Generally polyurethane materials are flammable. Polyurethane flexible foam is easy to burn when there is sufficient oxygen supply and a certain temperature is reached because of its small density, high open cell ratio, low thermal conductivity and thermal decomposition temperature. As a block foam commonly used for furniture, its flame retardant property is what we must pay attention to. Table 3 shows the flame retardancy data of the tested TDI and MDI systems without flame retardant. From Table 3, it can be found that in terms of horizontal burning, MDI and TDI are close to each other, and in terms of flame retardancy, MDI can be completely used in furniture soft foam.
DMA test
Fig. 4 Comparison of DMA profiles of TDI and MDI
In the slow rebound foam, both TDI and MDI systems, the degree of phase separation is poor, that is, the soft and hard chain segments mixed tolerance is better, the transformation peak of the polyether soft chain segment enrichment area does not appear, TDI does not reflect the degree of phase separation is good, and the soft and hard segments of the mixed tolerance area of the glass transition temperature are about 18 ℃, relatively close. Only the transformation peak of TDI system is stronger, that is, the hysteresis of the chain segment movement is more powerful, the corresponding energy storage modulus decays faster, and the damping property of TDI is better, and the performance of rebound at room temperature is slower.
Micrographs


Figure 5 Micrographs
The two micrographs reflect the open and closed cell condition of the foam, the bubble wall of MDI foam is almost completely ruptured, which also confirms the result of the lower closed cell ratio (2.0%), the bubble holes of the MDI system are more regular, and the air permeability is higher, which is more comfortable. The TDI system has messy pores and is more closed cell, which is one of the main reasons for its slower rebound.
5 Future Prospects
In today’s era of environmental protection and high quality, MDI-based slow resilience foam is accepted by more and more downstream customers because of the advantages of good production environment and excellent comprehensive performance. The Wannate8107 modified MDI product developed by Beijing Kejiu Chemical New Material Co., Ltd. for slow-rebound block foam can fully meet the performance requirements of customers for MDI-based slow-rebound mattresses.

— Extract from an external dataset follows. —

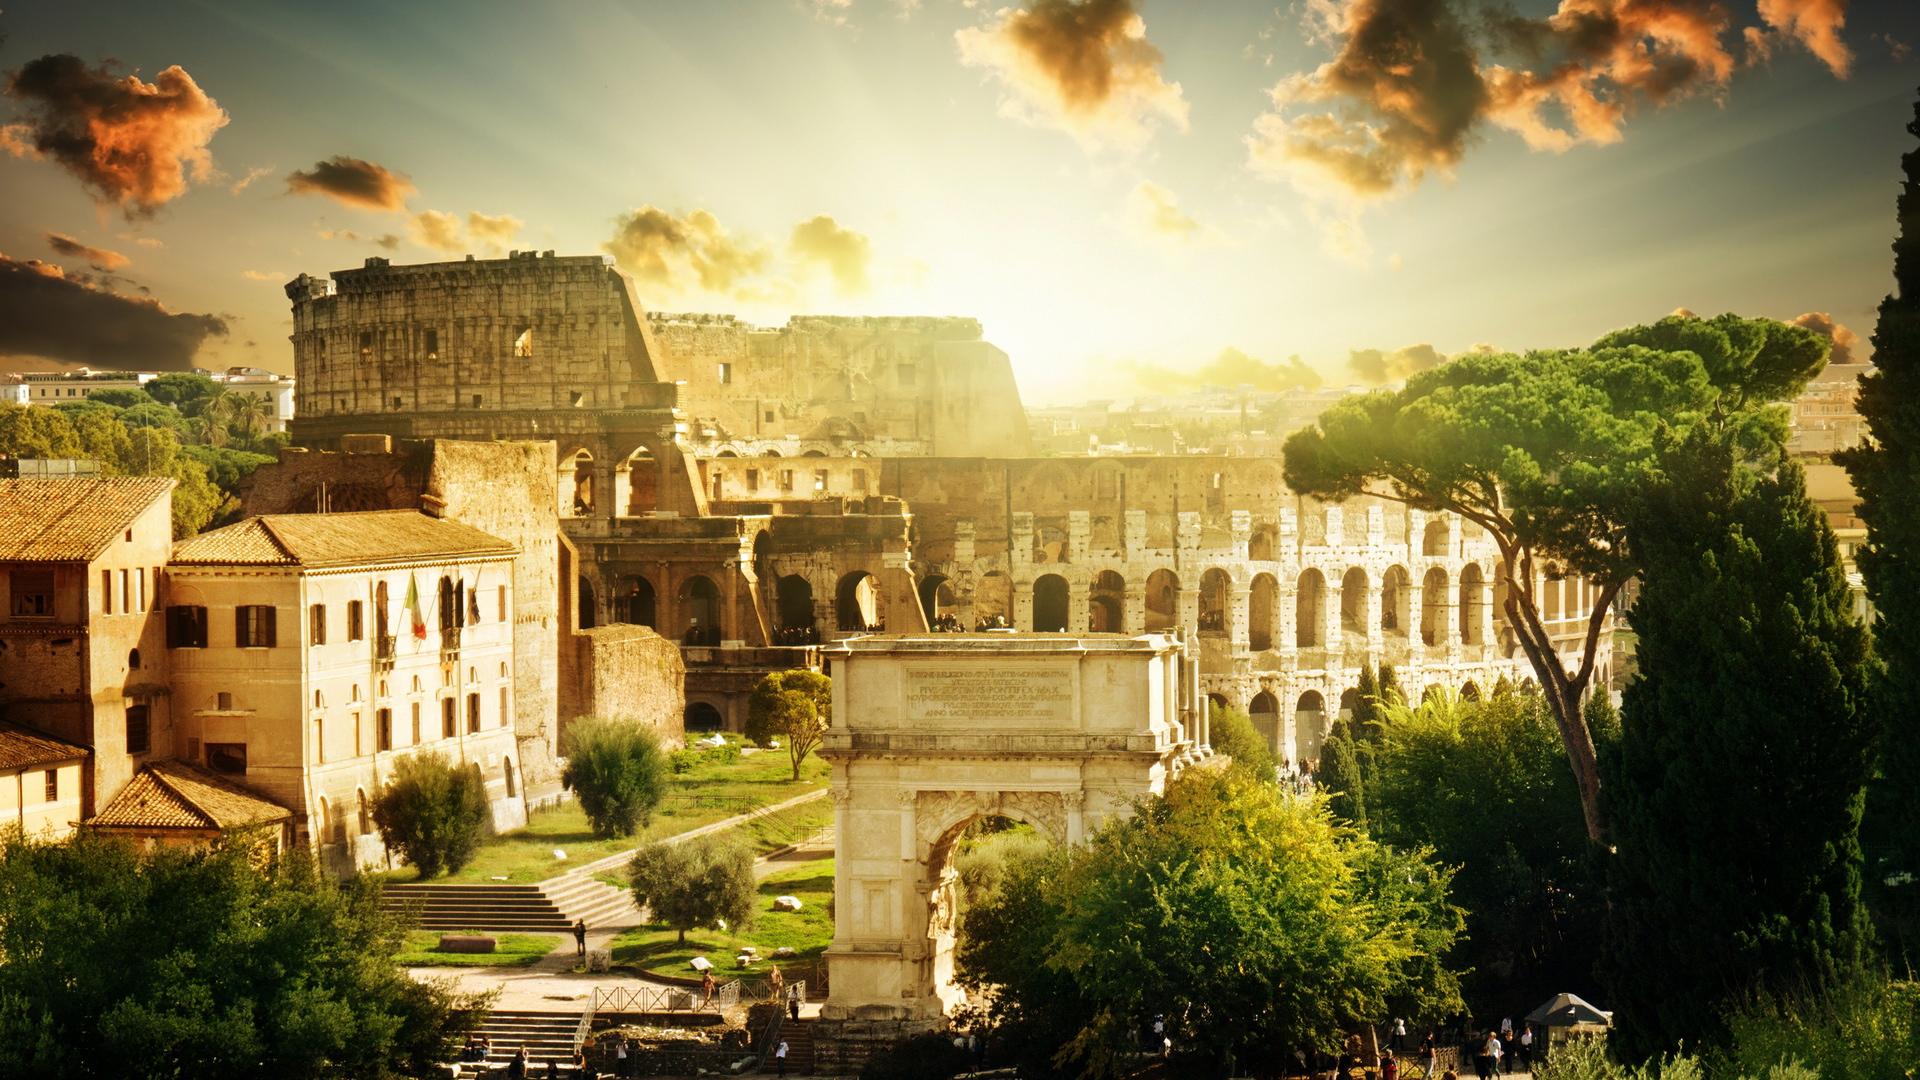 Roma wallpaper 1920x1080 209220 WallpaperUP 1920x1080

Analyzed from the process, with the various modified MDI technology advances, the whole MDI foam technology can basically completely replace the TDI system; from the national policy, TDI due to its product characteristics, is classified as a highly toxic products, MDI to replace TDI is also inevitable. Therefore, from the perspective of the future, modified MDI for slow rebound block soft foam has a bright future.
6 Conclusion
1、Beijing Keju developed wannate8107, the vapor pressure is very low, 1/2700 of TDI at 25℃, which greatly improves the foaming environment; it can be stored at 0℃ without crystallization, which greatly improves the transportation and storage conditions;
2, at present, the process of slow rebound polyurethane block foam is mainly TDI process, Wanhua’s modified MDI process can be operated widely, and its mechanical properties and flame retardant properties are close to those of TDI foam, which are far more than the requirements of the national standard, so it can be completely used for the preparation of slow rebound block foam;
3, TDI poor permeability, poor air circulation, good damping is the main reason for slow rebound, while the foam prepared by MDI has higher air permeability and is more comfortable.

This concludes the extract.